If you’re looking for another excuse to traverse the Caribbean this year, food festivals that celebrate everything from locally caught lobster to rare-aged rum to handmade chocolate may provide just that. Events that celebrate the best of Caribbean food and drink can be found in every corner of the region. Head to Barbados, St. Lucia, Grenada, the Cayman Islands and the British Virgin Islands – among many others – for their creative takes on centuries of culinary tradition.

Lobster Fest

Every November, as Americans gather together around Thanksgiving turkeys, those who live in the Virgin Islands are celebrating their own national delicacy: lobster. And at the Anegada Lobster Fest, every conceivable variety of the crustacean is on the menu. Vendors serve up freshly caught Anegada spiny lobster in citrusy ceviche, pasta salad, lobster bisque or coated in butter and grilled in foil.

This year’s festival, which will run from November 30th to December 1st, marks the sixth annual iteration of the event. Visitors are encouraged to ride safari buses or taxis around the remote coral island, where they can purchase lobster “samplers,” platters and rum drinks from participating restaurants.

Rum, Rum and more Rum

To try more different types of rum than you thought imaginable, head to Cooper Island – also in the BVI – for its yearly celebration of everything rum. 

Cooper Island Beach Club, just a stone’s throw from Tortola, hosts an annual rum fest not to be missed. This year, the event kicks off on November 16th in front of the club’s rum bar. Vendors will showcase rums from their various distilleries, and attendees will also be able to sample BVI Gin, a small-batch spirit distilled and bottled in the BVI that’s been steadily gaining in popularity over the last two years. Samantha Baker, the beach club’s resort manager, added that the festival will feature “rum-inspired” dishes and a signature rum ice cream.

But even outside of its annual festival, the beach club cares a lot about rum. Its bar has a collection of over 280 rums, making it the largest selection in the Virgin Islands, according to the club’s website. There, rum connoisseurs can find a range of “house infusions,” rare-aged rums and classic cocktails made with rum from all over the world. 

Chocolate around the region

The Caribbean has long been a mecca, if not an underrated one, for chocolate enthusiasts. This year, at least three festivals specifically devoted to cacao products will be held around the region.

First up is the Barbados Chocolate, Pastry & Wine Festival, which kicks off on October 11th. The event – true to its name – includes everything from chocolate making demos to French macaron classes to mixology sessions.

The festival also sets itself apart with a “cupcake wars” competition. The contest is open to all “bakers and cakers,” professional or otherwise, according to the festival website. Organizers even promise a celebrity judging panel will award first, second and third prizes in professional and amateur categories.

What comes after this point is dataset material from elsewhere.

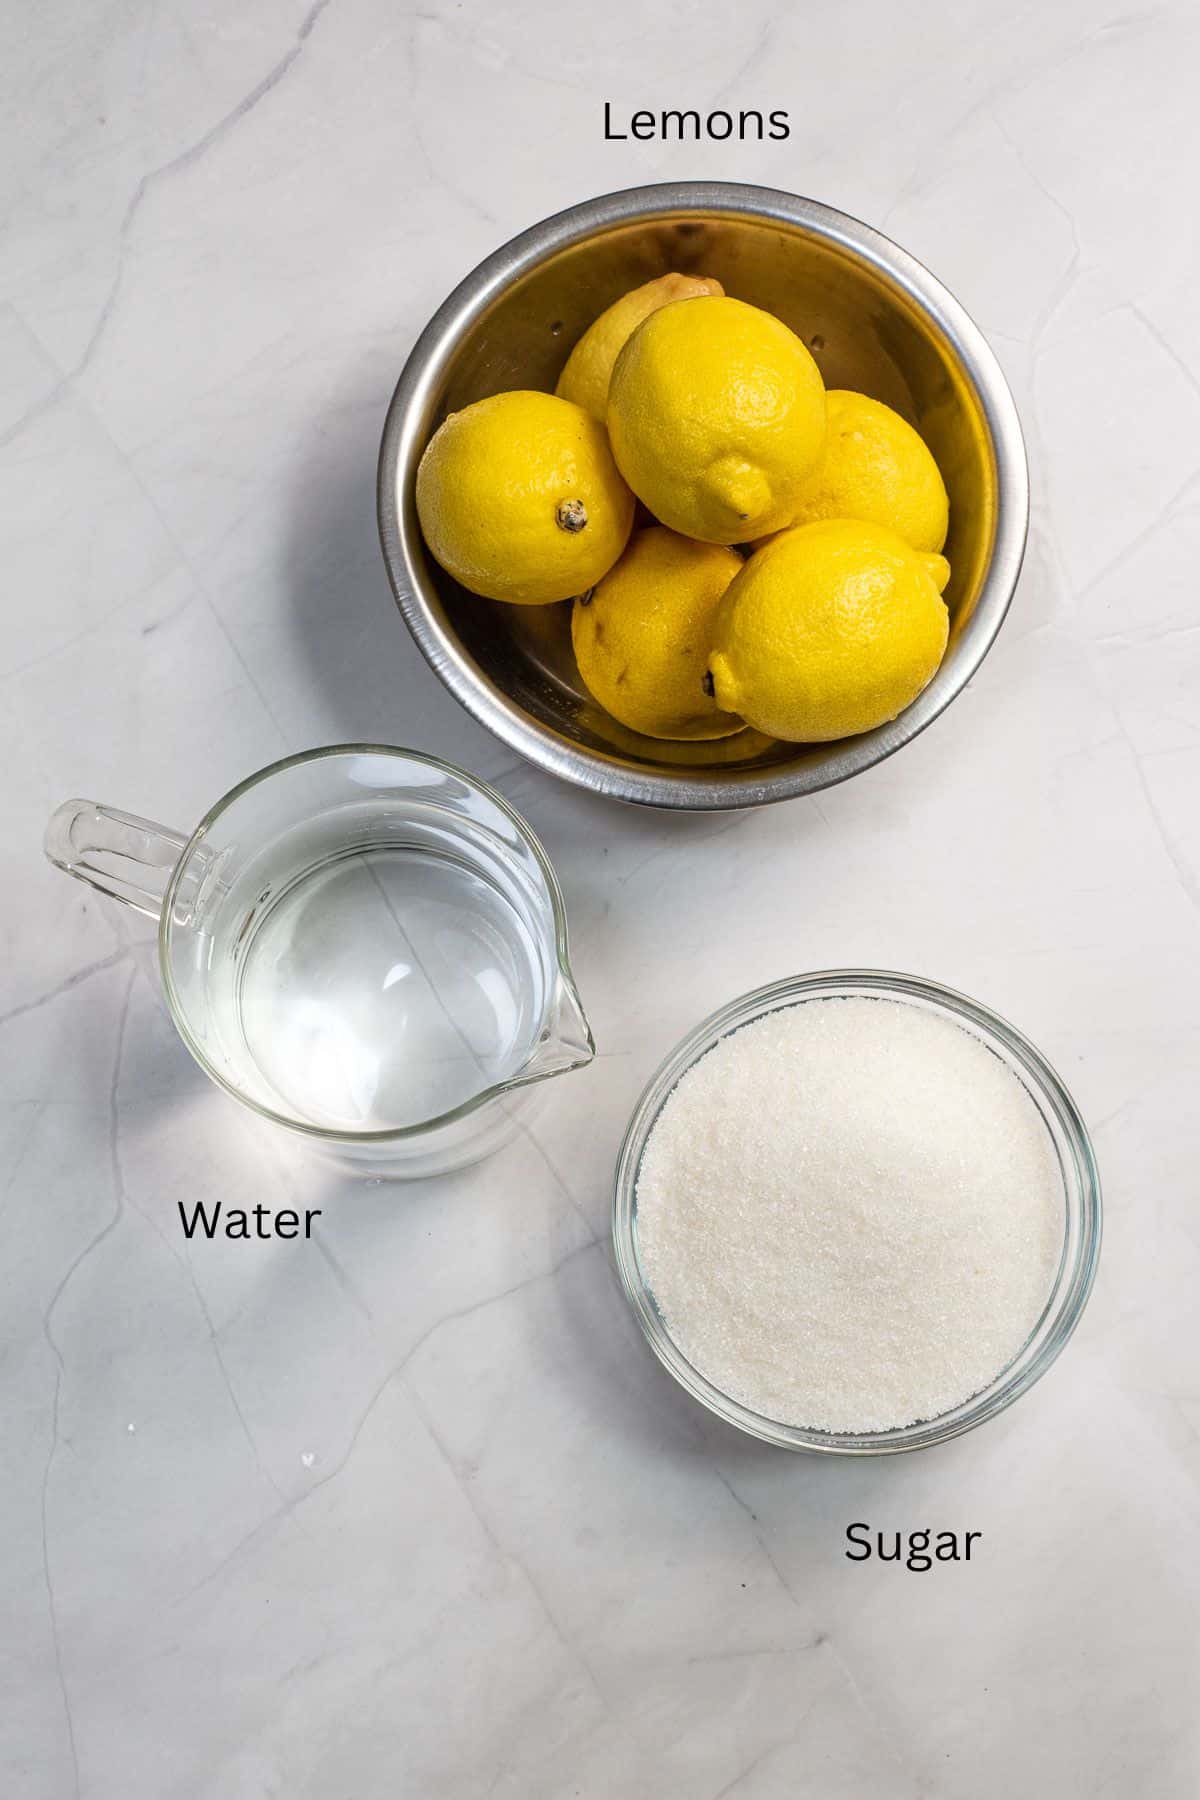 A bowl of lemons, a pitcher of water and a bowl of sugar against a marble background.

Chocolate-centric festivities continue into December with the Discover Chocolate Festival in St. Lucia. The Jade Mountain Resort, which hosts the annual event from December 10th to 15th, takes their role seriously. “Chocolate is known as the food of the gods,” the resort tells festival-goers on its website while promising “a hands-on interactive experience in the world of cacao and chocolate.”

The festival starts with a “chocolate enthused” cocktail party, complete with chocolate-inspired canapés and cocktails. The resort also offers an “alchemy of chocolate” event, which pairs wine with handmade organic chocolate from Emerald Estate Chocolate, and a chocolate truffle workshop where visitors can take home what they make. To learn more about how the history of chocolate in St. Lucia, guests can walk through the Anse Mamin plantation, which was originally a sugar cane plantation until it was converted into producing a cocoa crop.

And if two chocolate festivals weren’t enough, Grenada boasts its own chocolate event in May 2020.

Organizers of the festival explain that Mott Green and Edmond Browne, “the godfathers of modern tree-to-bar chocolate,” founded the Grenada Chocolate Company in 2000. After hundreds of years of growing cocoa for export to Europe and North America, the company functioned as Grenada’s first own chocolate factory. Then, in 2014, the chocolate festival was born.

“The Grenada Chocolate Fest celebrates all things fair trade, tree-to-bar chocolate,” the festival website says. “Through its carefully curated schedule of events, [the fest] takes festival-goers around the stunning tropical island, into the cocoa fields and behind the scenes of sustainable-run, cottage-style chocolate factories and large-scale modern factories.”

Taste of Cayman

For a food festival that dates back 32 years, foodies should plan a trip to the Cayman Islands. Next April, Taste of Cayman Food & Drink Festival will showcase Cayman’s rich culinary heritage.

Though the event now draws visitors from around the Caribbean and United States, organizers note that the festival has a humble origin story. In its first year, a group of restaurants from the Cayman Islands Restaurant Association merely met in a field for a chilli cook-off.

Today, the event features over 45 restaurants, 5,000 attendees, multiple competitions and over 18,000 portions of food, according to organizers.